Michigan's Vegetation circa 1800

Between 1816 and 1856, the lands of Michigan were surveyed by the General Land Office, which had been established by the federal government in 1785. These surveys established the political boundaries of our current counties and townships throughout the state. The detailed notes taken by the land surveyors have proven to be useful in describing Michigan's natural landscape as it appeared prior to intensive lumbering and later agricultural or urban development. Surveyors took detailed notes on the prairies, savannas, forests, wetlands, and lakes as each section line was measured out. They noted the locations of large natural disturbances, such as recent wildfires, large tree blow-downs, and beaver floodings. They also noted trails and settlements of Native Americans or early European settlers as they were encountered.

Ecologists from the Michigan Natural Features Inventory developed a methodology to translate the notes of the General Land Office surveys into an electronic map that can be used by researchers, land managers, and the general public. Approximately 80 different land cover types were recognized from the surveyor's records using existing knowledge of the Michigan's native vegetation.

This historical information will enable a more accurate assessment of changes that have taken place in Michigan's natural environment over the past two centuries. It can also aid in understanding much about the natural diversity and dynamic processes that existed in Michigan ecosystems immediately prior to the logging era. Because the map is in an electronic format, it can be processed with a computerized Geographic Information System (GIS). The GIS allows many complex analyses. For example, resource managers can now compare acreages of different vegetation types that exist today with what existed around 1800. We now know that roughly 50% of Michigan's upland forests have been converted for agriculture and urban development since 1800. Between 28-35% of historical wetland acreage has been lost statewide. Losses have been greatest (>40%) in southern Lower Michigan, intermediate (>25%) in northern Lower Michigan, and least severe (<20%) in the Upper Peninsula. Well over 50% of our cedar, black spruce, and tamarack swamps have been either drained or converted to other wetland types.
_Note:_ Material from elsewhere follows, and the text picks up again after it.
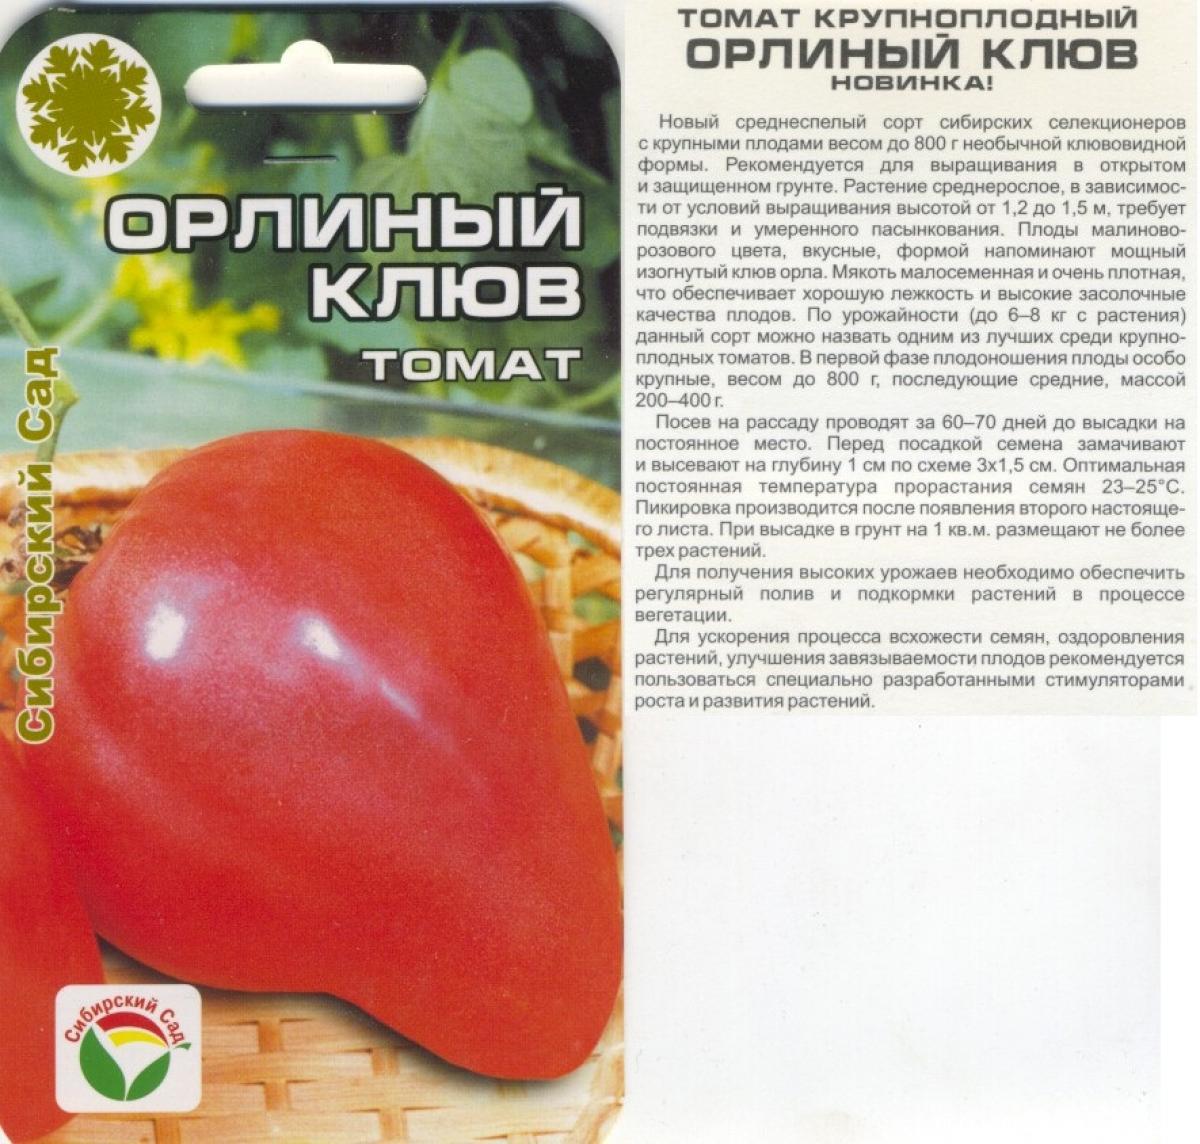 Томат орлиный клюв: отзывы, фото, урожайность, описание и характеристика   tomatland.ru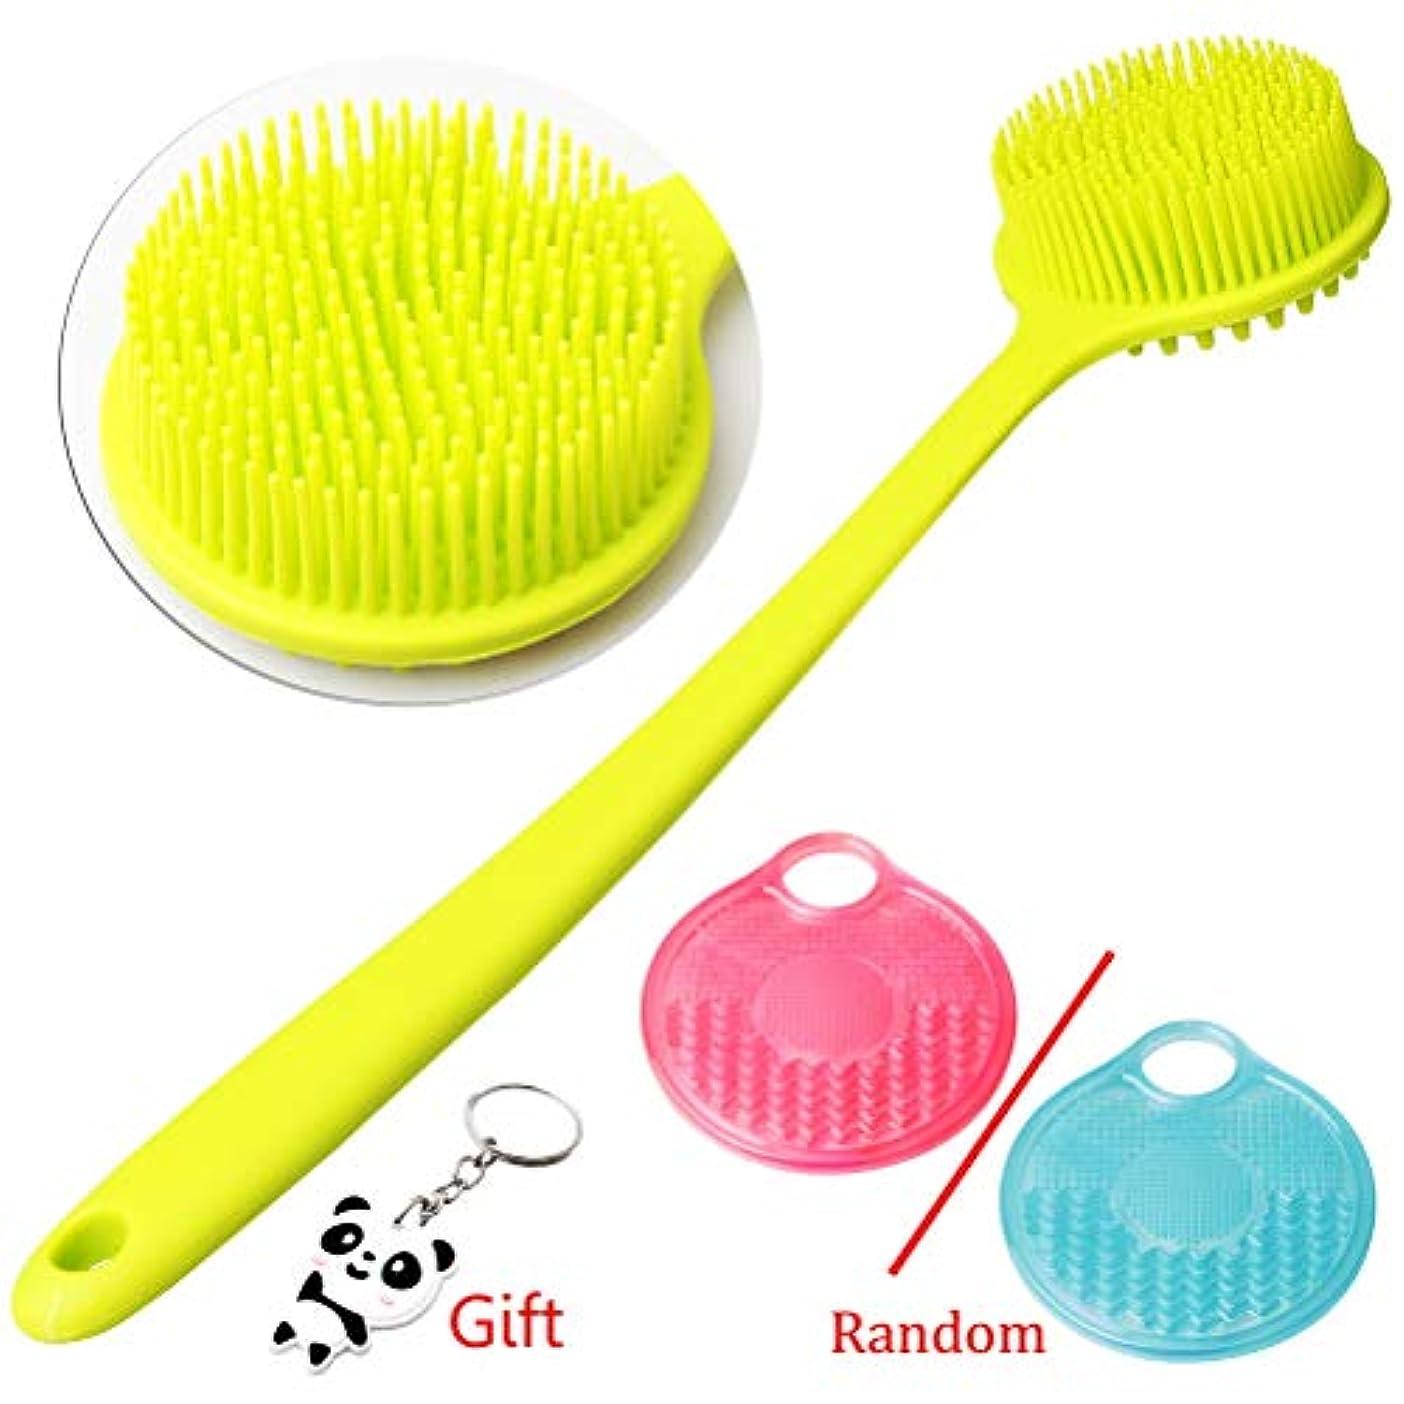 ボディブラシ 体洗いブラシ 2個セット シャワーブラシ 血行促進 角質除去 美肌効果 お風呂用 シリコン製 グリーンとピンク

For any given county or township, planners can have a clearer idea of the changes that have occurred within their jurisdiction and develop priorities for conservation and habitat restoration. Surveyors' information on the composition of major forest types can aid in protecting and restoring biological diversity in Michigan's forest lands. Statewide inventories and assessments of individual forest or wetland types are made much more efficient and accurate by using historical maps to guide field work.

The presettlement vegetation maps for any given portion of the state can be purchased by the public and are distributed through the Michigan Resource Information System. The Michigan Natural Features Inventory is working to create wall-size maps of the state for public distribution.